辞玖的意识时清时醒,醉意和暖意搅在一起,让他连挣扎都没了力气。他能感觉到暮珩替他褪下外袍时,指尖划过手臂的轻痒,也能感觉到对方贴在他耳侧的低语,那些话混着呼吸落进来,像羽毛搔在心尖:“以后不许再喝这么多酒了……”顿了顿,又添一句,“除非我在你身边,能接住你软下去的腿。”

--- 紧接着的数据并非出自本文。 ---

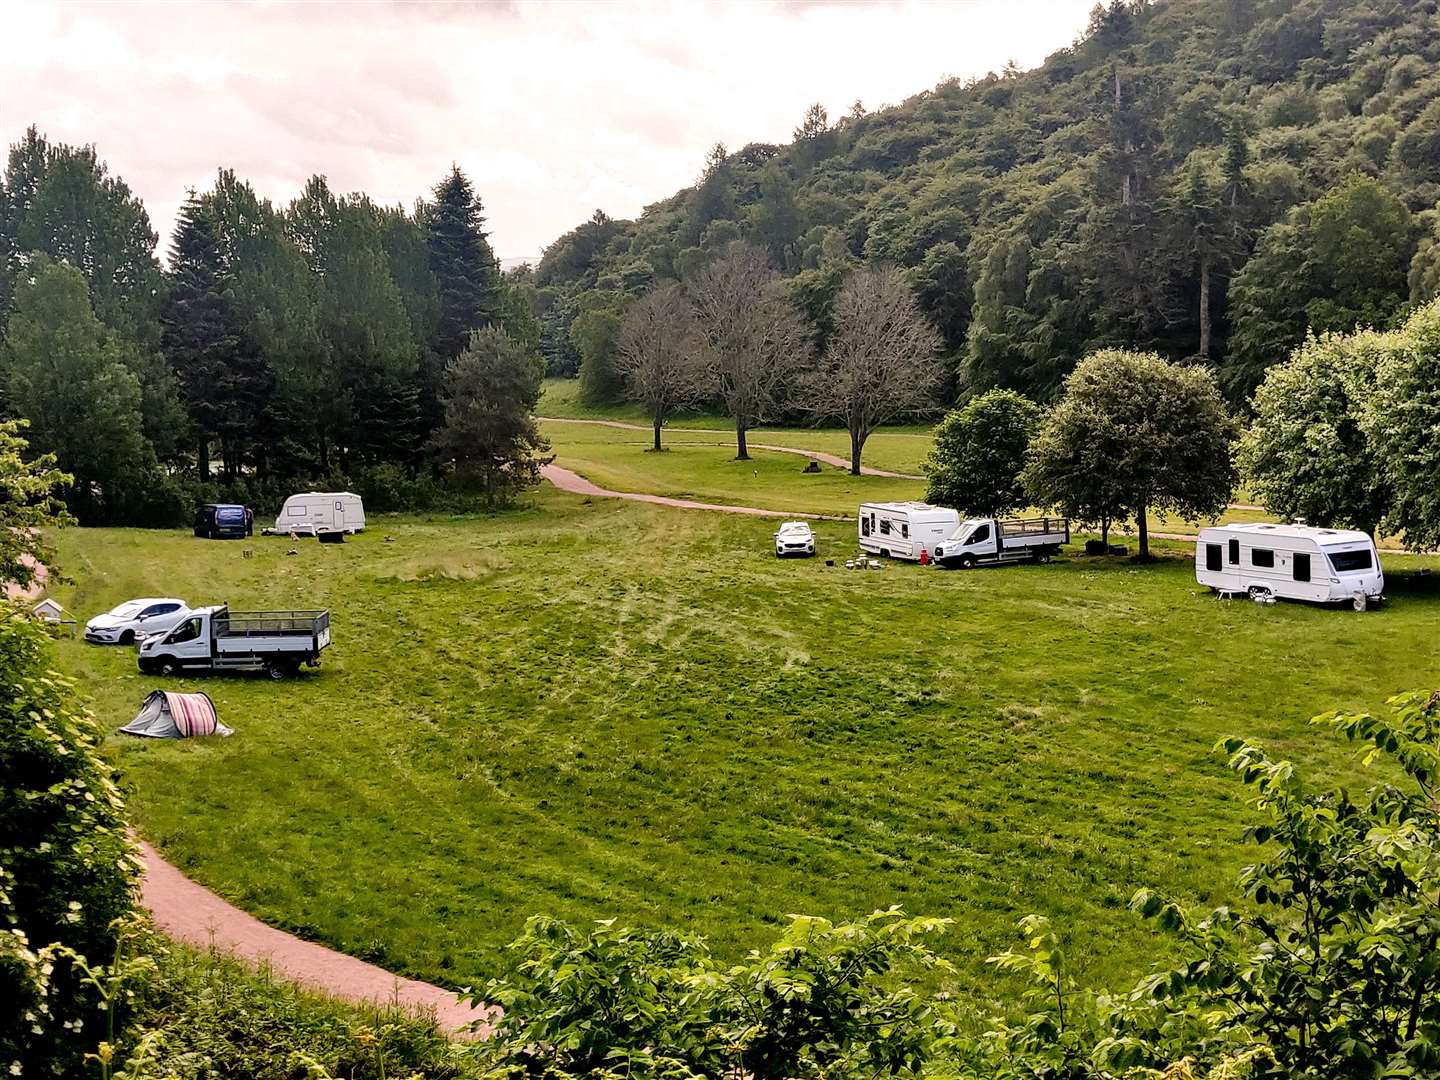 The Travellers' camp in Torvean Park. Picture: James Mackenzie

辞玖被这话烫得耳尖发红,偏过头想躲,却被捏住下巴转回来。暮珩的眼神在月光下亮得吓人,像山涧化冰时,突然撞见的碎阳。“看着我。”他说,指尖摩挲着辞玖的唇,“刚才在灯会,你看那对放天灯的夫妻时,眼里的羡慕都快漫出来了。”

辞玖的睫毛抖了抖,不敢承认。他确实看见了——那女子踮脚替男子拢发,男子低头替她擦掉唇角的糖霜,动作自然得像呼吸。他当时偷偷看了眼暮珩,见对方正盯着河面上的青雀灯,还以为没人发现。可现在被戳穿,他只能咬着唇,把脸往枕里埋。

暮珩却不让他躲,俯身咬住他的耳垂,轻轻碾着:“想要就说。”湿热的呼吸漫进耳廓,“他们有的,我都能给你——甚至更多。”他的手顺着辞玖的腰往下滑,停在他膝弯时,突然将人抱起来,让他坐在自己腿上。

辞玖惊呼一声,下意识搂住他的脖颈。两人贴得极近,能感觉到彼此胸膛的起伏,连心跳都撞在一起,乱得像鼓。暮珩吻着他的下颌,指尖在他后背轻轻画着圈:“你昨天练剑时,剑穗扫过脸颊,却没躲。”他忽然笑了,声音里带着点得意,“是不是那时候就觉得,我比剑穗还暖?”

辞玖的眼泪掉得更凶了,不是因为羞,是因为暮珩总能精准地戳中他藏最深的心思。他哽咽着摇头,却被吻得更狠。暮珩的吻从下颌漫到锁骨,在那处留下一串深浅不一的红痕,像串落在雪地里的梅。“还嘴硬?”他咬了咬辞玖的肩头,“刚才在酒摊,你偷喝我杯里的酒时,怎么就不躲?”

窗外的雾渐渐浓了,松针敲打着窗棂,发出细碎的声响。辞玖被吻得浑身发软,只能任由暮珩抱着,像只被雨淋湿的猫。他能感觉到对方的手探进他的衣襟,指尖划过肋骨时带着薄茧的痒,也能感觉到暮珩按在他后腰的力道,那力道不轻不重,恰好能让他安心地靠在怀里。

暮珩忽然把他翻了个身,让他趴在自己膝头。辞玖的脸埋在枕里,能闻到布料上的草木香,那是暮珩平日晒过的味道。“刚才在酒摊,你偷看卖花女递我的香囊时,是不是在吃醋?”他的指尖在辞玖腰侧轻轻掐了下,惹得人轻颤。

辞玖闷声否认:“没有……”话音刚落,就被人咬住了后颈的软肉,不重,却麻得他脊背发颤。暮珩的吻顺着脊椎往下,落在他腰间旧伤的疤痕上时,忽然放轻了力道,像在舔舐一件易碎的瓷器。那疤痕是被养父推搡时撞的,浅得几乎看不见,可暮珩总能准确地找到。

“这里还疼吗?”他的指尖轻轻按在那处浅疤上,“上次给你涂药膏时,你躲了三次。”

辞玖的眼泪洇湿了枕巾,不是因为疼,是因为暮珩的指尖太暖,暖得他想把所有藏在心里的委屈都倒出来。从被弃在黑山脚下,到第一次见暮珩时的害怕,再到后来偷偷描摹他练剑的背影……这些话堵在喉咙里,像团化不开的棉。他哽咽着摇头,却被翻回来重新按进怀里。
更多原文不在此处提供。